We hope that this new formulation of the model is a useful contribution, and does not risk sending anyone on a wild-goose chase.

5) Finally, there are some technical aspects of the cryo-electron tomography that the authors should address. The information provided on the subvolume averaging is minimal, so it is not possible to assess the quality of the data. A few representative tomograms of the actual data would help. Further, the use of CTF correction is not well supported. The authors need to show power spectra without CTF correction to show that there was measurable signal beyond the first zero (for data in Figure 4). At 200 kV, and at about 2 micron defocus, the first zero crossing of the CTF is about 22.5 Å, so the claim of resolution improvement with CTF correction is hard to understand. The actual resolution is probably around 30 Å, notwithstanding the FSC plots, which are especially unreliable for defining resolution in sub-tomogram averages. Nevertheless, the mechanistic conclusions could be drawn even if the data were only at resolutions of 30-40 Å.

All structures, all fits, and a representative tomogram from the raw data have been deposited in the EMDB/PDB.

The range of defocuses described in the data processing section for the close-to-focus data (1.5-2.5 μm) referred to the nominal defocus at data collection, while the measured defocus of the dataset ranged from 2.0-3.2 µm. We apologize for the ambiguity, which has now been corrected.
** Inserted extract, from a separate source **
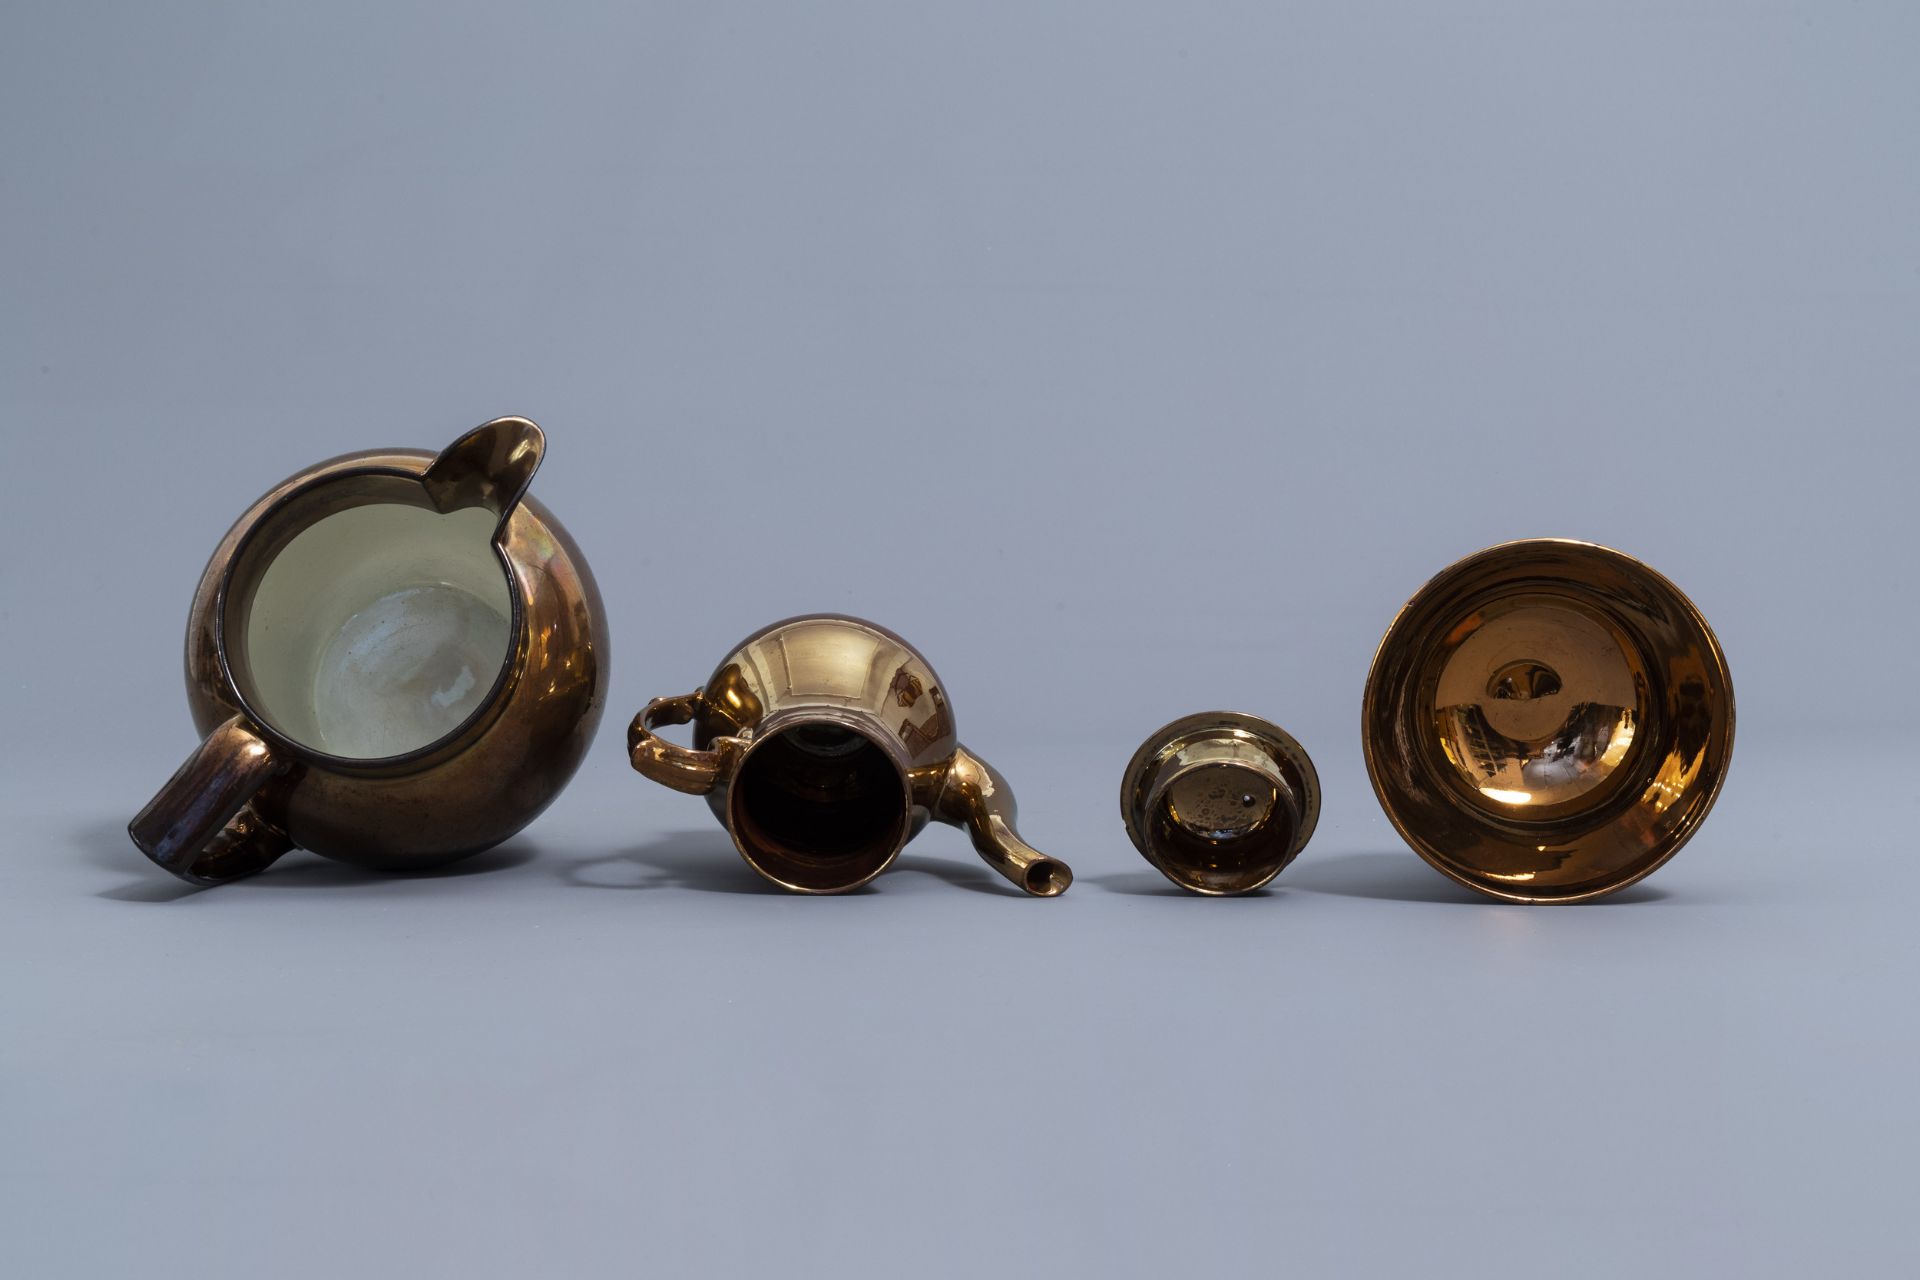 A varied collection of English monochrome copper lustreware items, 19th C. - Image 47 of 50

This places the first node of the mean CTF of the data at approximately 27 Å, meaning that CTF correction is required to obtain a resolution of 20 Å.

We have now added a section to the Methods and a supplementary figure containing a validation of the importance and success of the CTF correction: we took the final reconstruction of the inner coat from CTF corrected and CTF uncorrected data, and compared it to a volume generated from the arrayed crystal structure of the Sec23/24/Sar1 complex. The FSCs between the X-ray structure and the corrected EM structure show positive correlation to a resolution of ∼20 Å, whereas the FSC between the X-ray structure and the uncorrected EM structure shows a phase inversion at approximately 27 Å as expected. This is included in Figure 4–figure supplement 1, which also includes a visualization of the map in comparison with the arrayed crystal structures filtered to the resolution of the reconstruction by multiplication with the FSC.
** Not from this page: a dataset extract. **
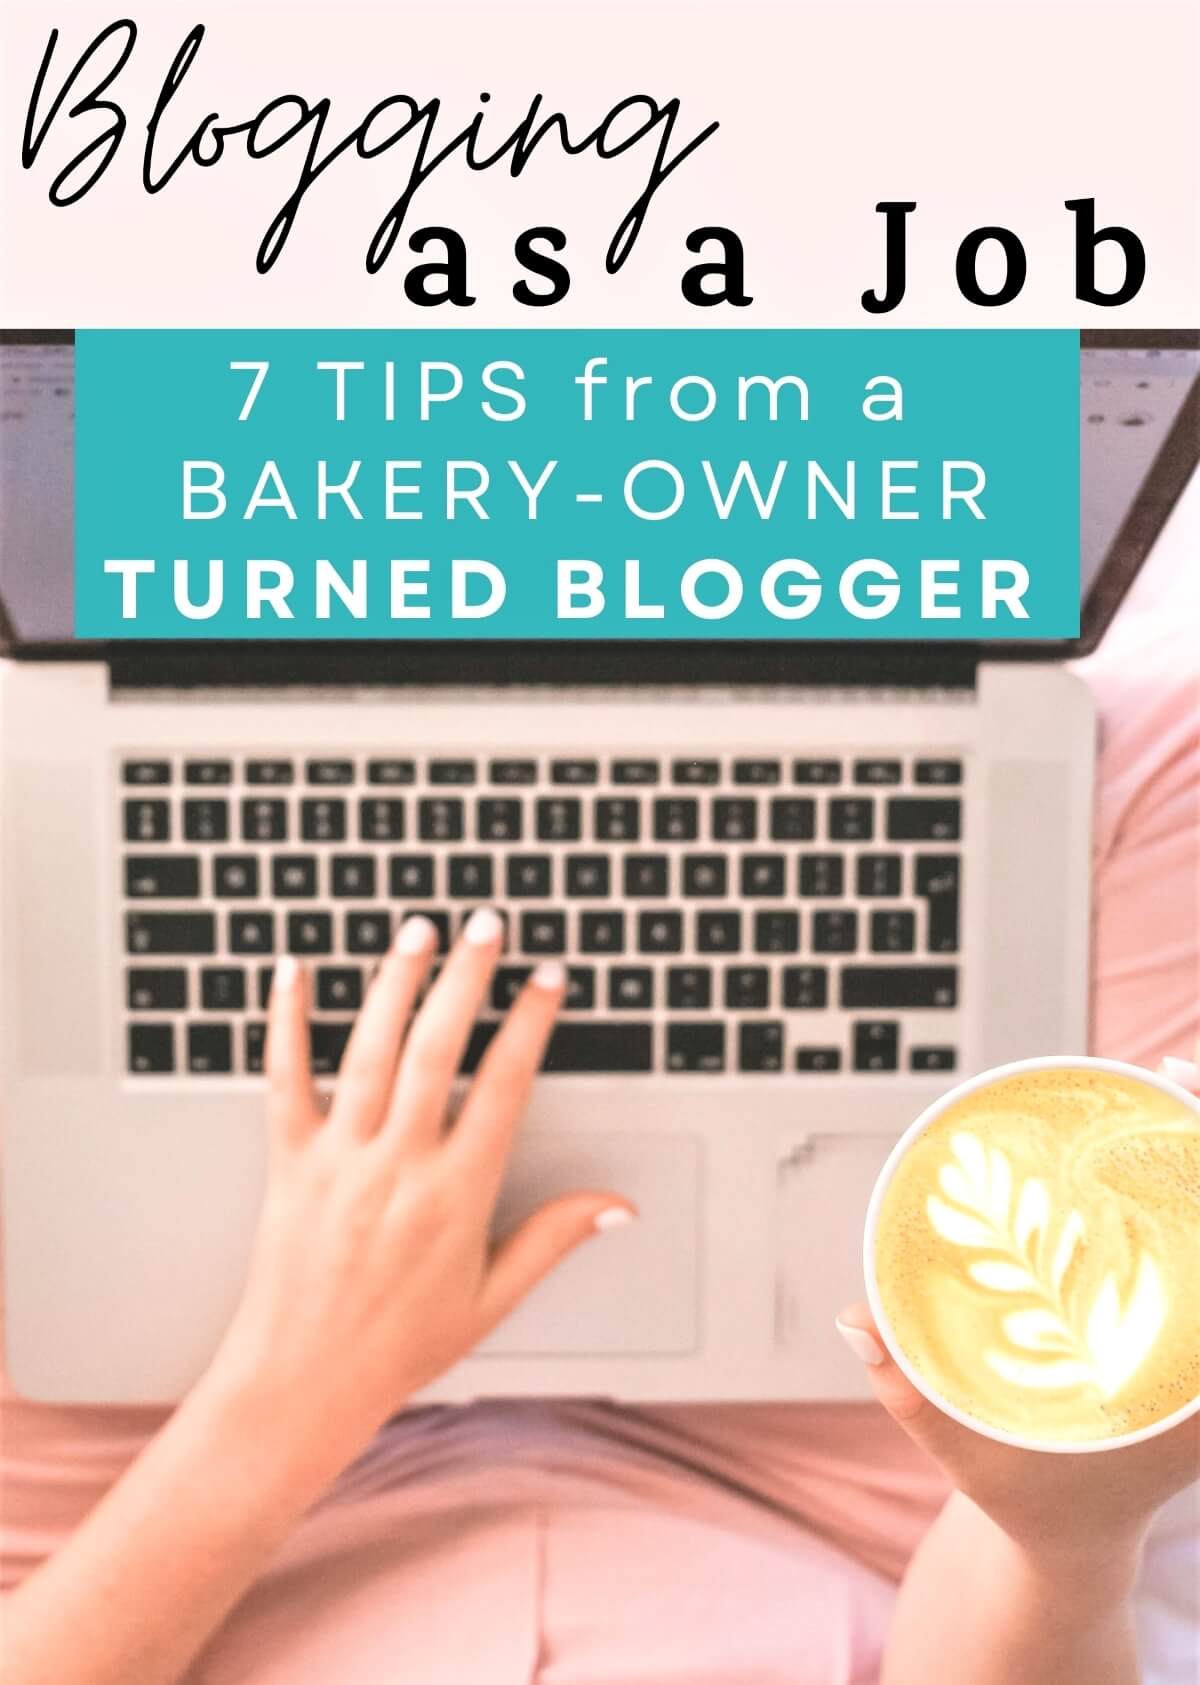 an image of a womans hands with a coffee and a laptop and the words:"blogging as a job", "7 tips from a bakery-owner turned blogger"

We note that the resolution of the map has been measured using a “gold standard” approach (the two half datasets have been processed completely independently at all stages, and a low-pass filter was applied at 45 Å during alignment). Further, the mask used for resolution measurement (which can indeed promote an over-estimate of resolution) was cautious: a sphere with a five-pixel Gaussian fall off. We have clarified this in the text.

We have added text to clarify the defocus measurement approach, where we did not make use of the image power spectra.

While we agree with the reviewer that the same conclusions could be drawn had we obtained a lower-resolution structure, we should nevertheless include our best estimate of the correct resolution. For the reasons presented above we have confidence in both the CTF correction and the resolution estimate. Within the revised main text we now use the 0.5 criterion value of 23 Å.